Soon, shopkeepers who sometimes helped each other with sales became suspicious of the other if either was Muslim. Soon, it wasn’t enough that children from diverse backgrounds attended school together. Schools became prejudiced against anyone with a Hausa name or from a Muslim background. And with this breakdown of the peace and love that once united our nation, Boko Haram literally and figuratively began to steal our hope for a better tomorrow. With the abduction of almost 300 school girls in Chibok, Borno State, and nine girls later in a village north-east of Nigeria, Boko Haram has effectively maintained their opinion on education, especially female education. The girls have purportedly been sold as brides in neighboring countries like Chad and Cameroon, while some remain in the hands of extremist militants in the Sambisa forest of Borno State. The most frightening part of this is that these girls, who were mostly Christian, have been forced to convert to Islam and to marry Boko Haram terrorists whose leader, Abubakar Shekau, insists that slavery is a part of Islam and that girls from the age of 9 should be married off rather than in school. The Islam this man preaches is not the same Islam I knew about while growing up. If children are being stolen and hard-wired to believe this terrible misinterpretation, then what hope is there for Nigeria?

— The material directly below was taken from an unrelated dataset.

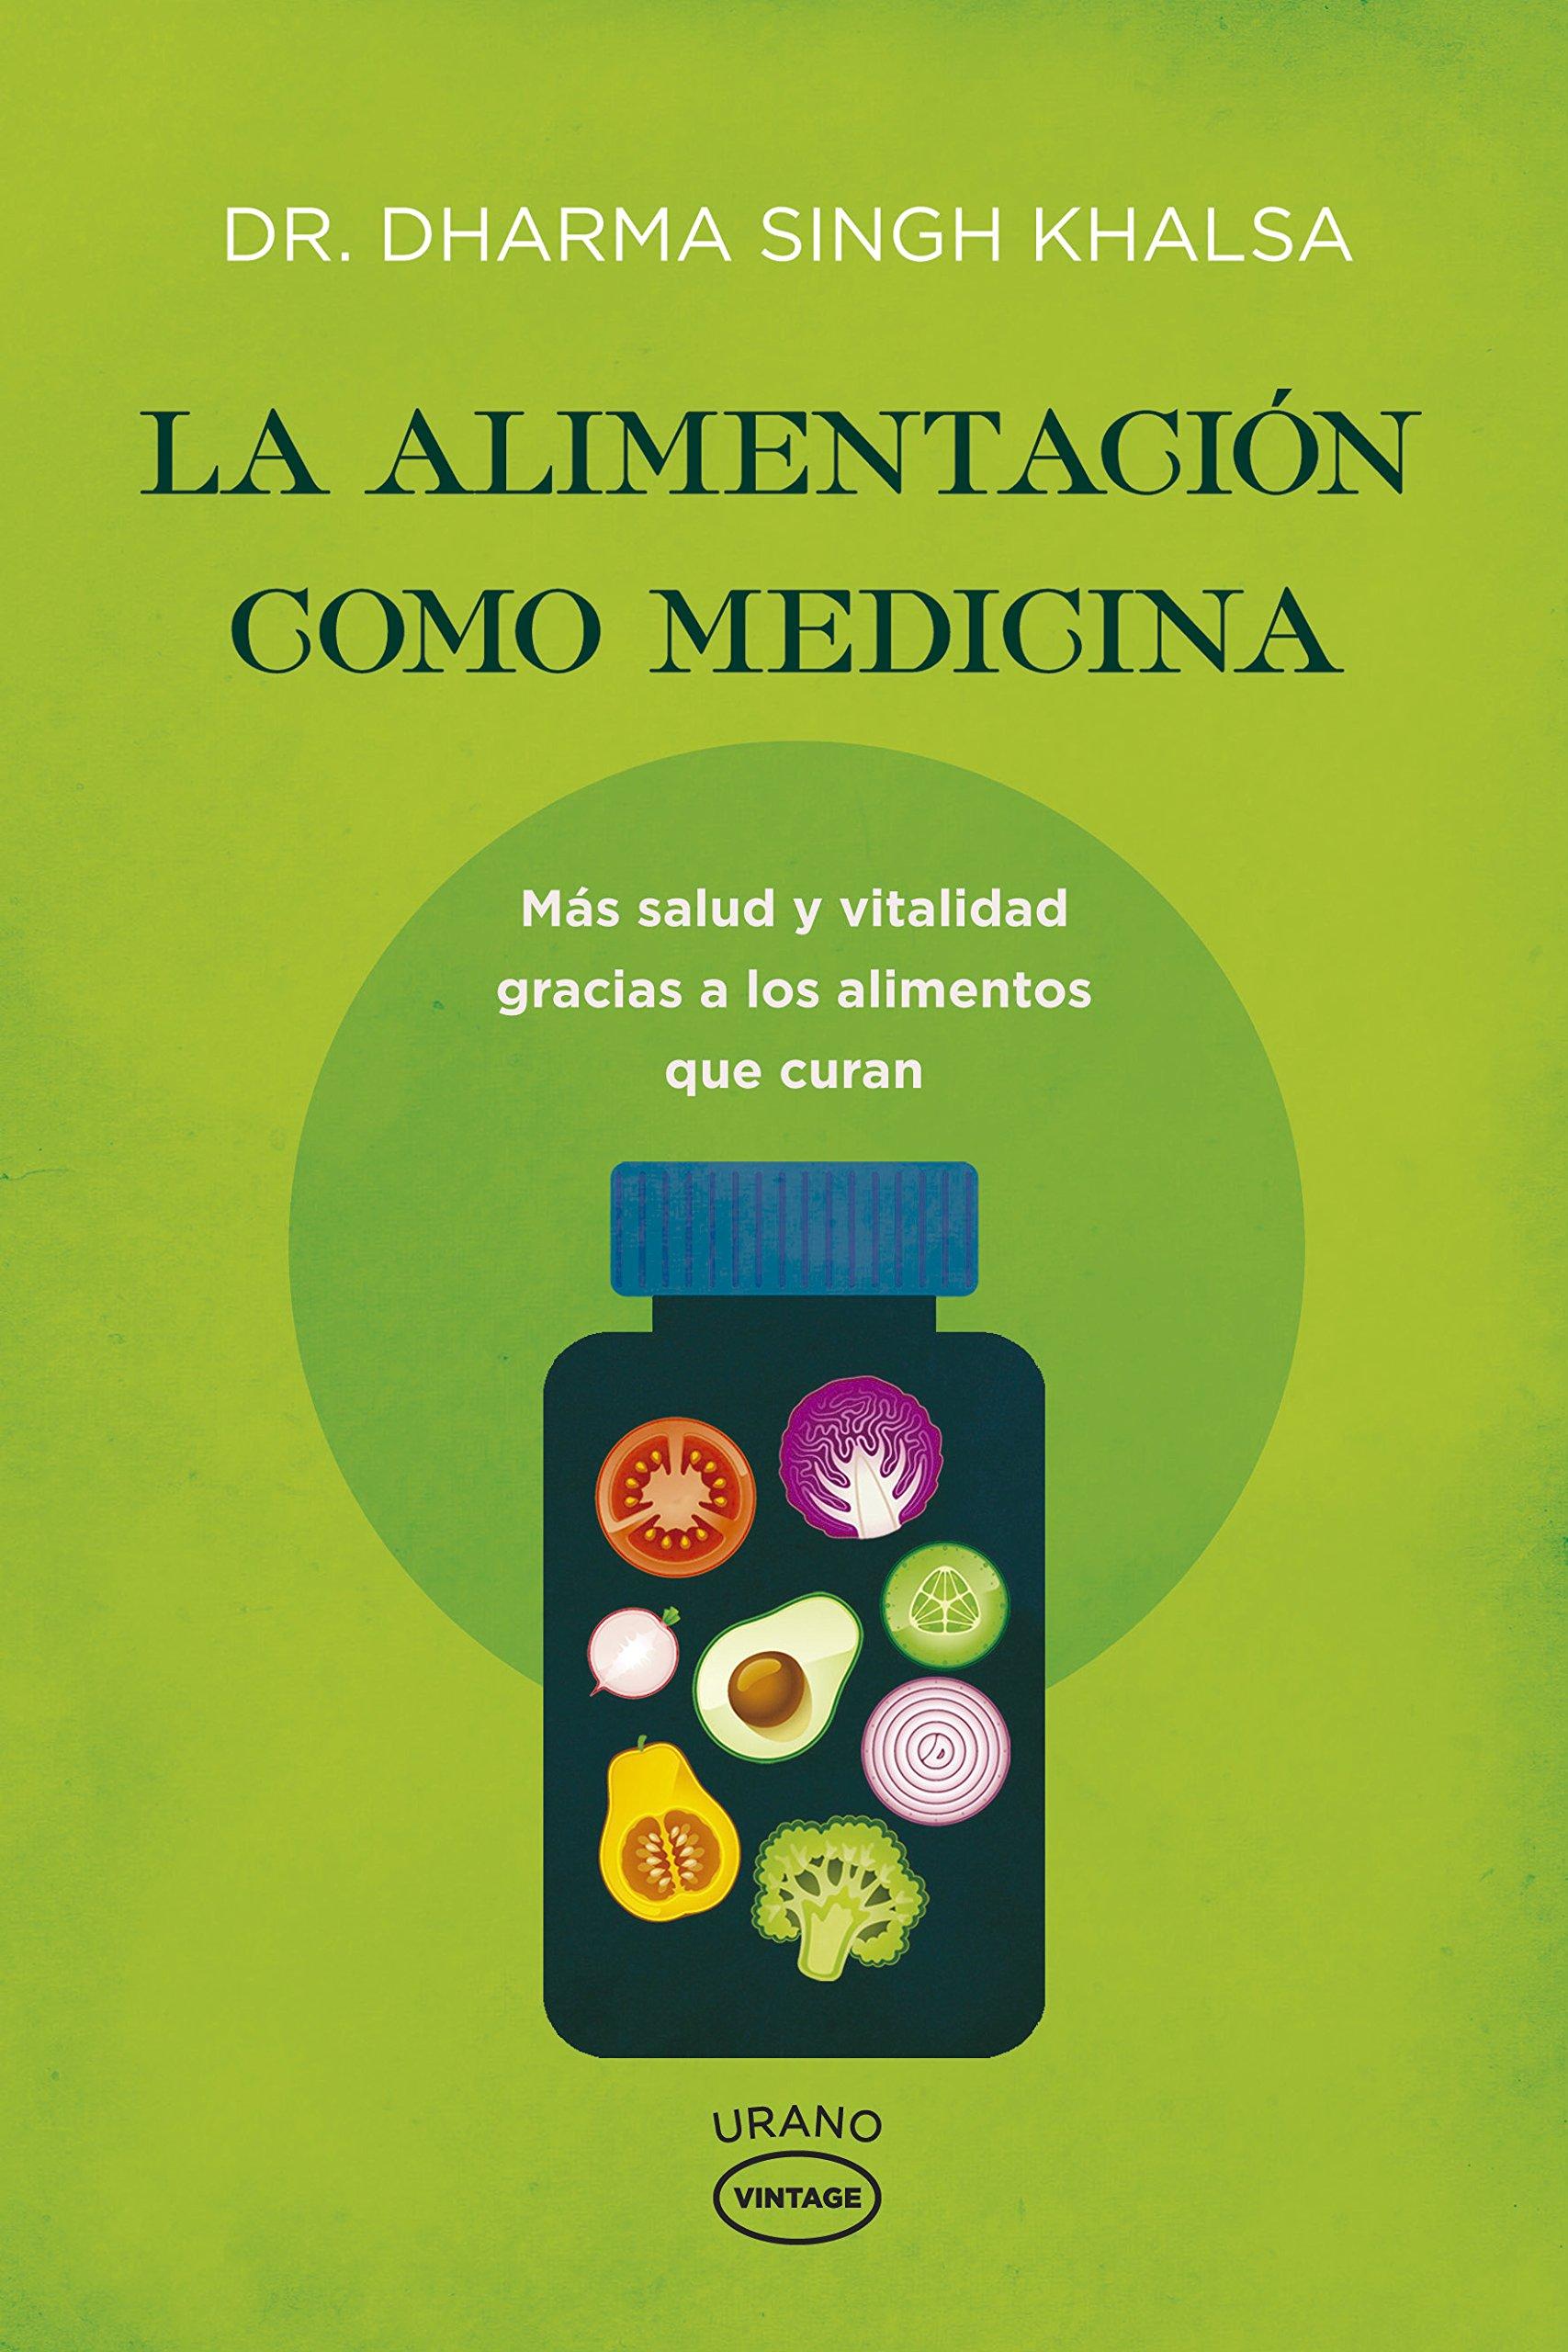 La alimentación como medicina - Vintage: Más salud y ...

I’ve stopped waiting for people to ask me how my family is faring. People can’t ask about issues that they don’t know or even care about. Last week alone, extremism was brought up three times in some of my classes. Al-Qaeda. ISIS. ISIS. Nothing about Boko Haram. Why isn’t Boko Haram constantly on national news in the West? Aren’t buildings collapsing? Aren’t people dying? Is it when Boko Haram succeeds in replacing Federal Law with Shari’a Law that Nigeria will garner strong public attention? Who talks about the Chibok girls anymore? What happened to #bringbackourgirls? Beyoncé’s surprise album release in 2013 probably held public attention longer than the kidnapped girls. People die almost every month from some bomb blast in Nigeria, but who talks about that? Yet, the Charlie Hebdo shooting in Paris shook the West so much that even some of my class time was dedicated to discussing it. Why are some lives worth more than others? It doesn’t make any sense to me.

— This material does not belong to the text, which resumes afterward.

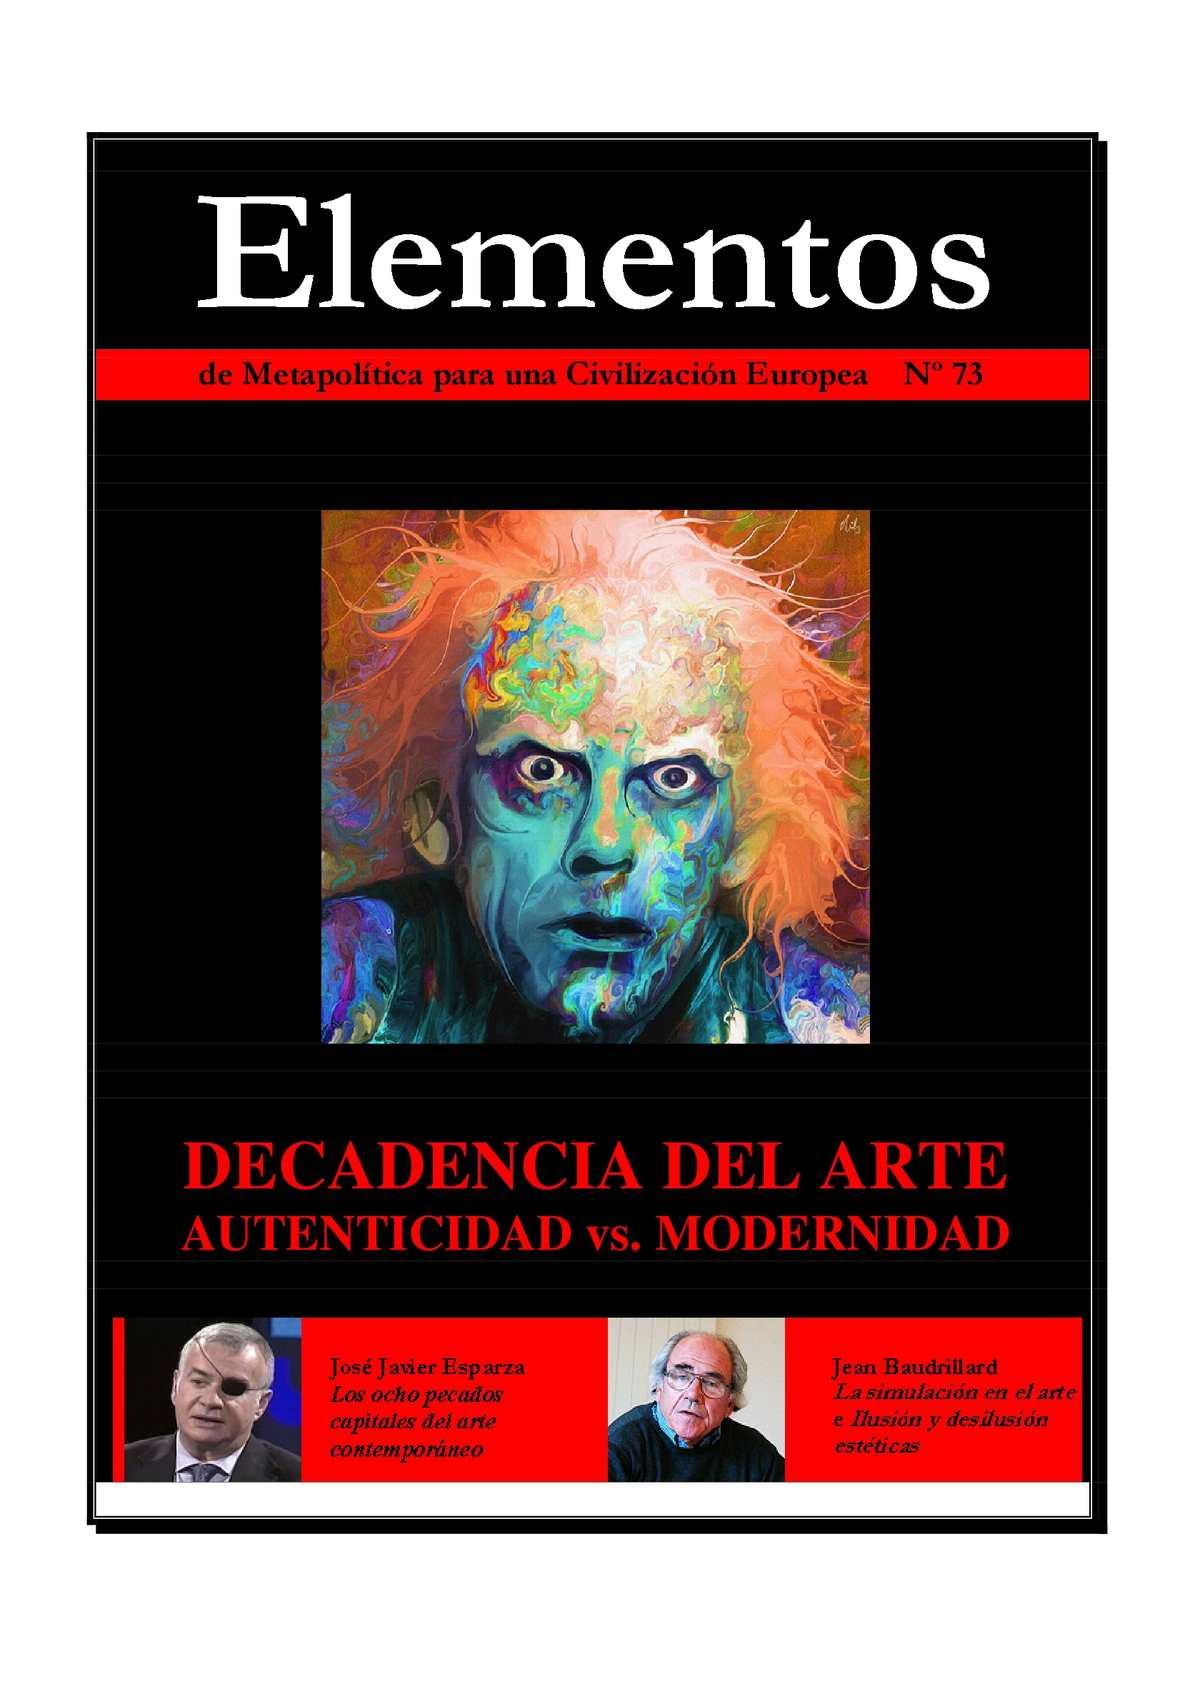 Calaméo - Elementos 73   La decadencia del arte - autenticidad vs.  modernidad 316195385ee

These days, I mourn my helplessness in solitude. Sometimes, I place my palms on the television screen, the heat of it seeping through, the burst of colors and scurrying images providing a glimpse into my home — so near but so far. It is during these times that I miss my childhood. I wish Nigeria never changed. I wish I can take her back to the time when the educated and uneducated ate together, when children played with each other regardless of their religion, when mothers could fearlessly send kids to buy something from the nearest aboki, when our nation was still “bound in freedom, peace and unity.”

My father always talks about life before the Nigerian civil war of 1967. “No one wants another war,” he says. “It’s like remaining alive even though the flames burn you.” But he’s wrong. The war has begun. Nigeria has metamorphosed into a minefield rather than a blooming garden. A graveyard rather than paradise. A tale of horror. And the scariest part of this is that I am five thousand miles away, just another pebble on the seashore. All I can do during my little TV moments is to mentally cross the screen toward my family. I suffer with them. Five thousand 5000 miles away, I might just be an observer; but if Nigeria dies, I die with her, too. Will the West remember me, then?

Correction: This article previously incorrectly printed that the Nigerian Civil War occurred in 1960 and has been updated to 1967.